Training Hyperparameters

All variables in this section are read by the Hyperparameters class at process startup. Unset variables fall back to the listed defaults.

Data Paths

DATA_PATH

string

default:"./data/datasets/fineweb10B_sp1024"

Root directory for tokenized dataset shards. Train and val glob patterns (fineweb_train_*.bin and fineweb_val_*.bin) are derived from this path.

TOKENIZER_PATH

string

default:"./data/tokenizers/fineweb_1024_bpe.model"

Path to the SentencePiece .model file. Used to build look-up tables for the tokenizer-agnostic BPB metric. Must match VOCAB_SIZE exactly or training raises an error.

RUN_ID

string

default:"random UUID"

Human-readable identifier for this run. Determines the log filename at logs/<RUN_ID>.txt.

SEED

integer

default:"1337"

Global random seed applied to Python, NumPy, and PyTorch (including cuda.manual_seed_all) before training.

Validation

VAL_BATCH_SIZE

integer

default:"524288"

Total token budget across all ranks per validation pass. Must provide at least one full TRAIN_SEQ_LEN-length sequence per rank.

VAL_LOSS_EVERY

integer

default:"1000"

Run validation every N training steps. Set to 0 to disable periodic validation (final evaluation still runs at the end).

TRAIN_LOG_EVERY

integer

default:"200"

Log a train_loss line every N steps. Steps 1–10 are always logged regardless of this setting.

Training Length

ITERATIONS

integer

default:"20000"

Maximum number of gradient update steps before training stops.
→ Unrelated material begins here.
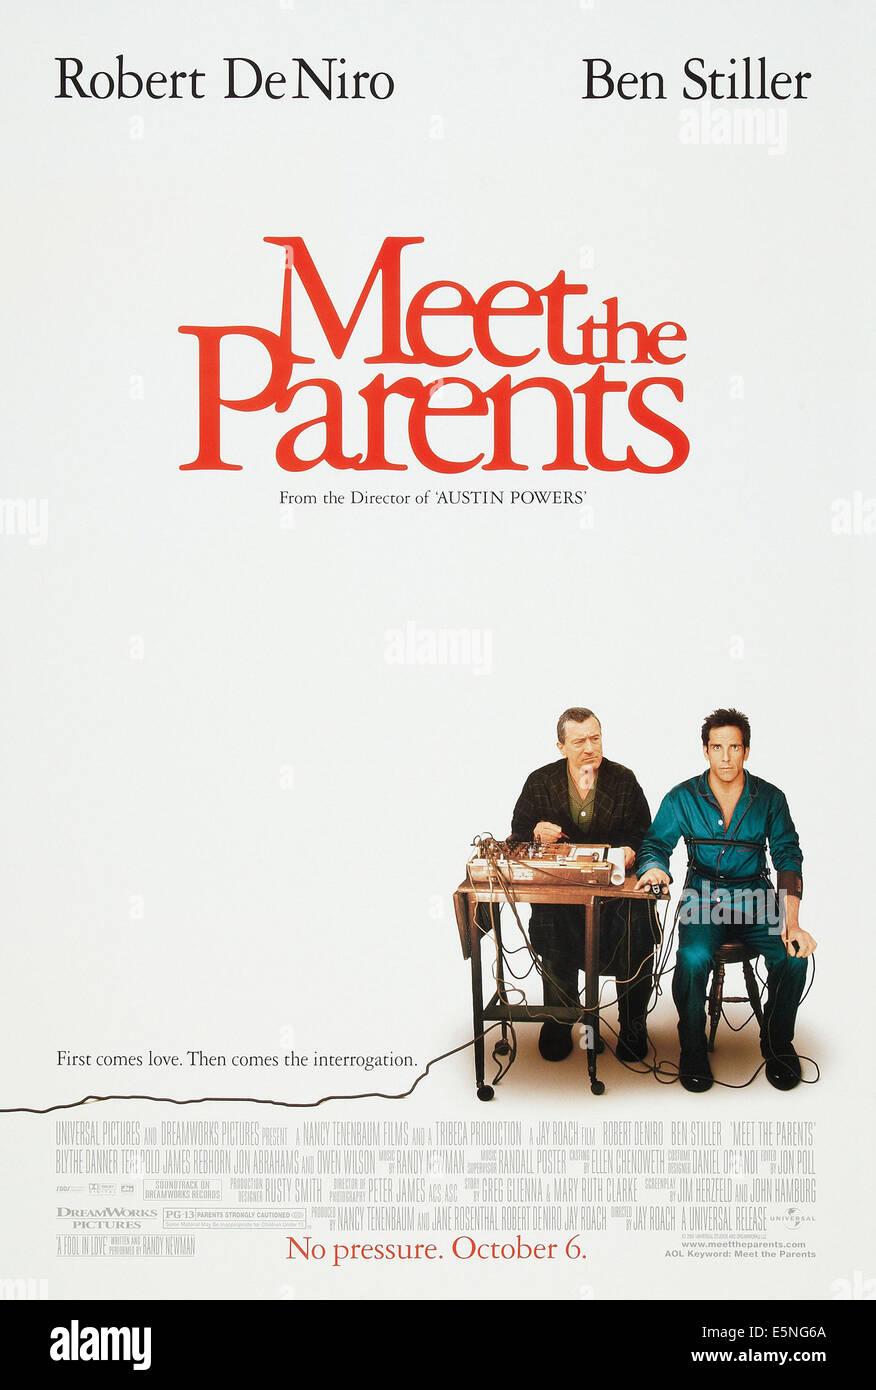 MEET THE PARENTS, US advance poster art, from left: Robert De Niro, Ben Stiller, 2000. © Universal Pictures/ - Stock Image

The wallclock cap may cause an earlier stop.

WARMDOWN_ITERS

integer

default:"1200"

Number of steps (or equivalent wallclock duration) over which the learning rate linearly decays to zero at training end.

WARMUP_STEPS

integer

default:"20"

Number of pre-training “warmup” steps that prime compiled kernels. Model and optimizer state are fully reset after warmup completes, so effective training always starts from the true initialization.

TRAIN_BATCH_TOKENS

integer

default:"524288"

Total tokens consumed per gradient update across all ranks. Gradient accumulation steps = 8 // WORLD_SIZE.

TRAIN_SEQ_LEN

integer

default:"1024"

Sequence length for both training and validation. Affects memory usage and the minimum VAL_BATCH_SIZE.

MAX_WALLCLOCK_SECONDS

float

default:"600.0"

Hard cap on training time in seconds. When elapsed training time reaches this limit, training stops after the current step finishes. Set to 0 to disable the cap.

QK_GAIN_INIT

float

default:"1.5"

Initial value for the per-head learnable q_gain parameter in each attention block. Scales query vectors before the dot product.

Model Shape

VOCAB_SIZE

integer

default:"1024"

Vocabulary size. Must exactly match the SentencePiece tokenizer’s vocab size.

NUM_LAYERS

integer

default:"9"

Total number of transformer blocks. Split evenly into encoder and decoder halves for U-Net-style skip connections.

NUM_KV_HEADS

integer

default:"4"

Number of key/value heads for Grouped Query Attention (GQA). Must evenly divide NUM_HEADS.

MODEL_DIM

integer

default:"512"

Hidden/embedding dimension. Must be divisible by NUM_HEADS, and MODEL_DIM // NUM_HEADS must be even (required for RoPE).

NUM_HEADS

integer

default:"8"

Number of query attention heads.

MLP_MULT

integer

default:"2"

MLP hidden-layer multiplier. The feedforward hidden size is MLP_MULT * MODEL_DIM.

TIE_EMBEDDINGS

integer

default:"1"

Set to 1 to tie input embedding and output projection weights (saves parameters). Set to 0 for a separate lm_head.

ROPE_BASE

float

default:"10000.0"

Base frequency for Rotary Position Embeddings.

LOGIT_SOFTCAP

float

default:"30.0"

Logit soft-cap. Applied as softcap * tanh(logits / softcap) before cross-entropy. Must be positive.

Optimizer

EMBED_LR

float

default:"0.6"

Adam learning rate for the token embedding when TIE_EMBEDDINGS=0.

HEAD_LR

float

default:"0.008"

Adam learning rate for the untied lm_head when TIE_EMBEDDINGS=0.

TIED_EMBED_LR

float

default:"0.05"

Adam learning rate for the token embedding when TIE_EMBEDDINGS=1.

TIED_EMBED_INIT_STD

float

default:"0.005"

Standard deviation for normal initialization of the tied embedding weight.

MATRIX_LR

float

default:"0.04"

Muon learning rate for 2D matrix parameters in transformer blocks.

SCALAR_LR

float

default:"0.04"

Adam learning rate for scalar and vector parameters (scales, norms, gains) in transformer blocks.

MUON_MOMENTUM

float

default:"0.95"

Steady-state momentum for the Muon optimizer.

MUON_BACKEND_STEPS

integer

default:"5"

Number of Newton-Schulz iterations used to orthogonalize gradient matrices in Muon.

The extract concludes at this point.